File Systems on VSC2
- User Homes (/home/lvXXXXX)
- Global (/fhgfs)
- Scratch (/fhgfs/nodeName)
- TMP (/tmp)
Change Filesystem with ‘cd’
- cd /global # Go into Global
- cd ~ # Go into Home
Use your applications settings to set in/out directories
Pipe the output into your home with ‘./myApp.sh 2>&1 > ~/out.txt’

Home File Systems
- BeegFS (FhGFS) was very slow when it came to small file I/O
  - Leads to severe slowdown when compiling applications and/or
  - working with small files in general
- We do not recommend using small files. Use big files when possible, however users want to
  - Compile Programs
  - Do some testing
  - Write (small) Log Files
  - etc…

Global
- Parallell Filesystem (BeeGFS)
- Perfectly suited for large sequential transfers
TMP
- Uses the main memory (RAM) of the server. Up to 1/2 size of the whole memory.
- Users can access it like a file system but they get the speed of a byte-wise addressable storage
  - Random I/O is blindingly fast
  - But comes at the price of main memory
- If you are not sure how to map your file from GLOBAL/HOME into memory just copy it to TMP and you are ready to go

Small I/Os
- Random Access –> TMP
- Others –> HOME
Large I/Os
- Random Access –> TMP
- Sequential Access –> GLOBAL

VSC2 - Homes
- 6 File Servers for Home
  - 2 CPUs each (Intel Xeon E5620 @ 2.40 Ghz - Westmere)
  - 48 GB RAM
  - 1x Infiniband QDR
  - LSI Raid Controller
- Homes are Stored on RAID6 Volumes
  - 10+2 Disks per Array.

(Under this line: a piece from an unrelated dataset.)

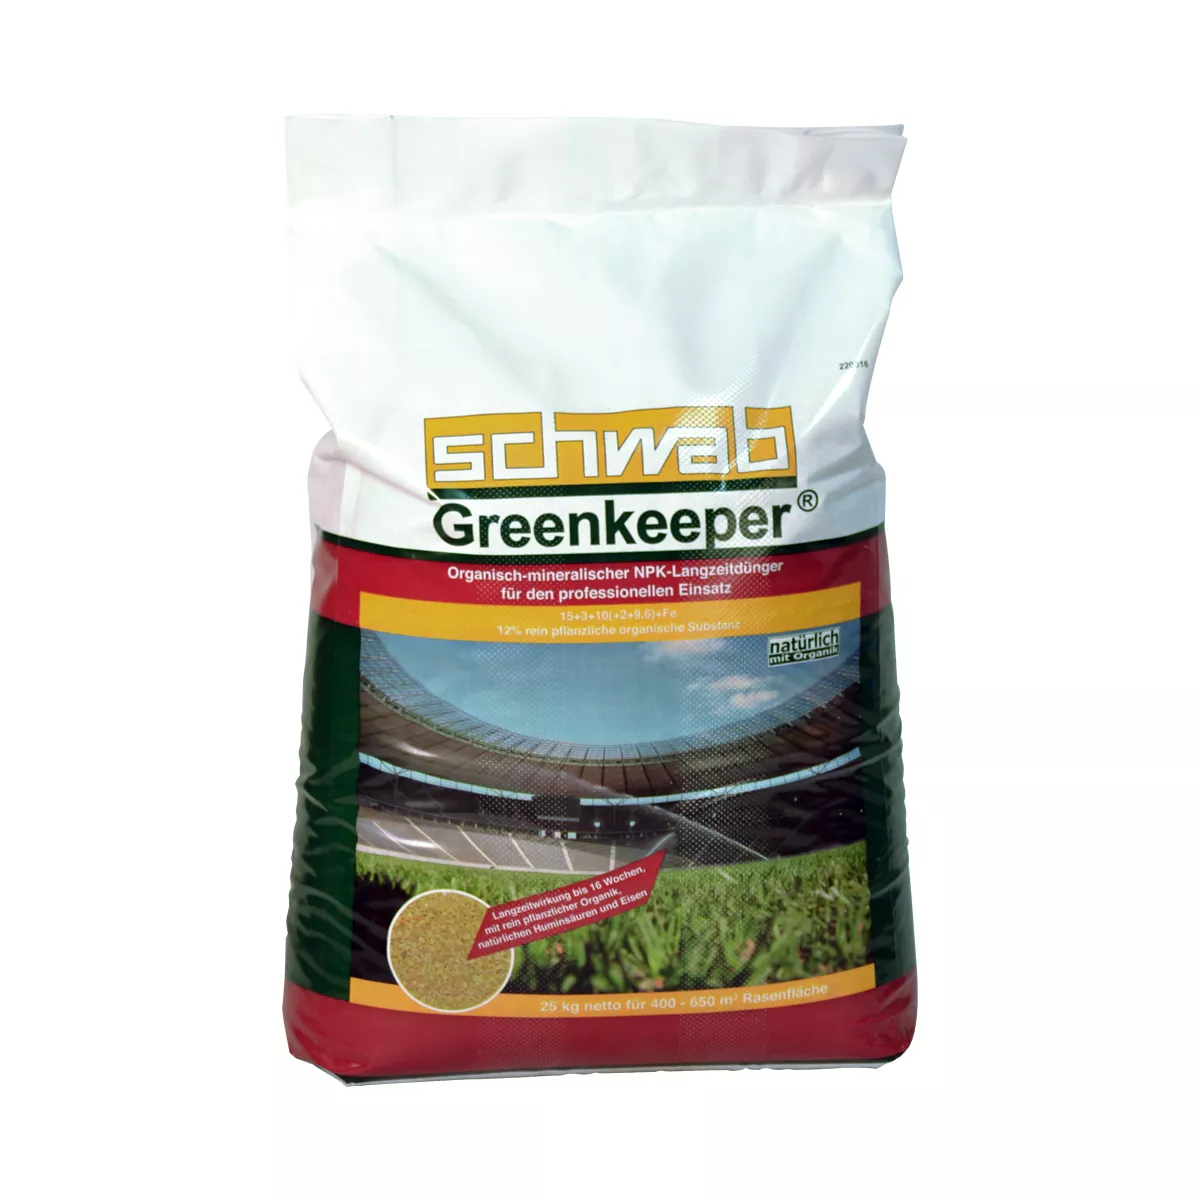 Greenkeeper (25 kg)

Up to 3 Arrays per Server (Depends on usage)
  - Exported via NFS to the compute nodes (No RDMA)
- Each project resides on 1 server

VSC2 - Global
- 8 File Servers
  - 2 CPUs each (Intel Xeon E5620 @ 2.40 Ghz - Westmere)
  - 192 GB RAM
  - 1x Infiniband QDR
  - LSI Raid Controller
- OSTs consist of 24 Disks (22+1p+1Hot-Spare RAID5)
- One Metadata Target per Server
  - 4x Intel X25-E 64 GB SSDs
- Up to 6000 MB/s throughput
- ~ 160 TB capacity

VSC2 - Storage Summary

14 Servers
~ 400 spinning disks
~ 25 SSDs
2 Filesystems (Home+Global)
1 Temporary Filesystem

Procured in 2014
Installed by CLUSTERVISION
2020 Nodes
- 2 CPUs each (Intel Xeon E5-2650 v2 @ 2.60 Ghz)
- 64 GB RAM
- 2x Infiniband QDR (Dual-Rail)
- 2x Gigabit Ethernet
Login Nodes, Head Nodes, Hypervisors, Accelerator Nodes, etc…

User Homes (/home/lvXXXXX)
Global (/global)
Scratch (/scratch)
EODC-GPFS (/eodc)
BINFS (/binfs)
BINFL (/binfl)

VSC3 - Homes
- 9 Servers (Intel Xeon E5620 @ 2.40 Ghz)
  - 64 GB RAM
  - 1x Infiniband QDR
  - LSI Raid Controller
- Homes are stored on RAID6 Volumes
  - 10+2 Disks per Array. Up to 3 Arrays per Server (Depends on usage)
  - Exported via NFS to the compute nodes (No RDMA)
- 1 Server without RAID Controller running ZFS
- Quotas are enforced

VSC3 - Global
- 8 Servers (Intel Xeon E5-1620 v2 @ 3.70 Ghz)
- 128 GB RAM
- 1x Infiniband QDR
- LSI Raid Controller
4 OSTs per Server
- 48 Disk 4x(10+2p)
1 Metadata Target per Server
- 2 SSDs each (Raid-1 / Mirrored)
Up to 20’000 MB/s throughput
~ 600 TB capacity

IBM GPFS - General Parallell Filesystem / Elastic Storage / Spectrum Scale
- Released in 1998 as multi media filesystem (mmfs)
- Linux support since 1999
- Has been in use on many supercomputers
- Separate Storage Pools
- CES - Cluster Export Services
- Can be linked to a hadoop cluster
Supports
- Striping
- n-way Replication
- Raid (Spectrum Scale Raid)
- Fast rebuild
- …

VSC3 <–> EODC
- 4 IBM ESS Servers (~350 spinning disks each)
- Running GPFS 4.2.3
- 12 Infiniband QDR Links
- Up to 14 GB/s sequential write and 26 GB sequential read
Multi tiered (IBM HSM)
- Least recently used files are written to tape
- Stub File stays in the file system
- Transparent recall after access
- Support for schedules, callbacks, Migration Control, etc.
Sentinel Satellite Data
- Multiple petabytes
- Needs backup on different locations

VSC3 is a “remote cluster” for the EODC GPFS filesystem
- 2 Management servers
  - Tie-Breaker disk for quorum
- No filesystems (only remote filesystems from EODC)
- Up to 500 VSC clients can use GPFS in parallell

VSC3 got a “bioinformatics” upgrade in late 2016
- 17 Nodes
  - 2x Intel Xeon E5-2690 v4 @ 2.60 Ghz (14 cores each / 28 with hyperthreading)
  - Each node has at least 512 GB RAM
  - 1x Infiniband QDR (40 Gbit/s)
  - 1x Omnipath (100 Gbit/s)
  - 12 spinning disks
  - 4 NVMe Memories (Intel DC P3600)
- These Nodes export 2 filesystems to VSC (BINFL and BINFS)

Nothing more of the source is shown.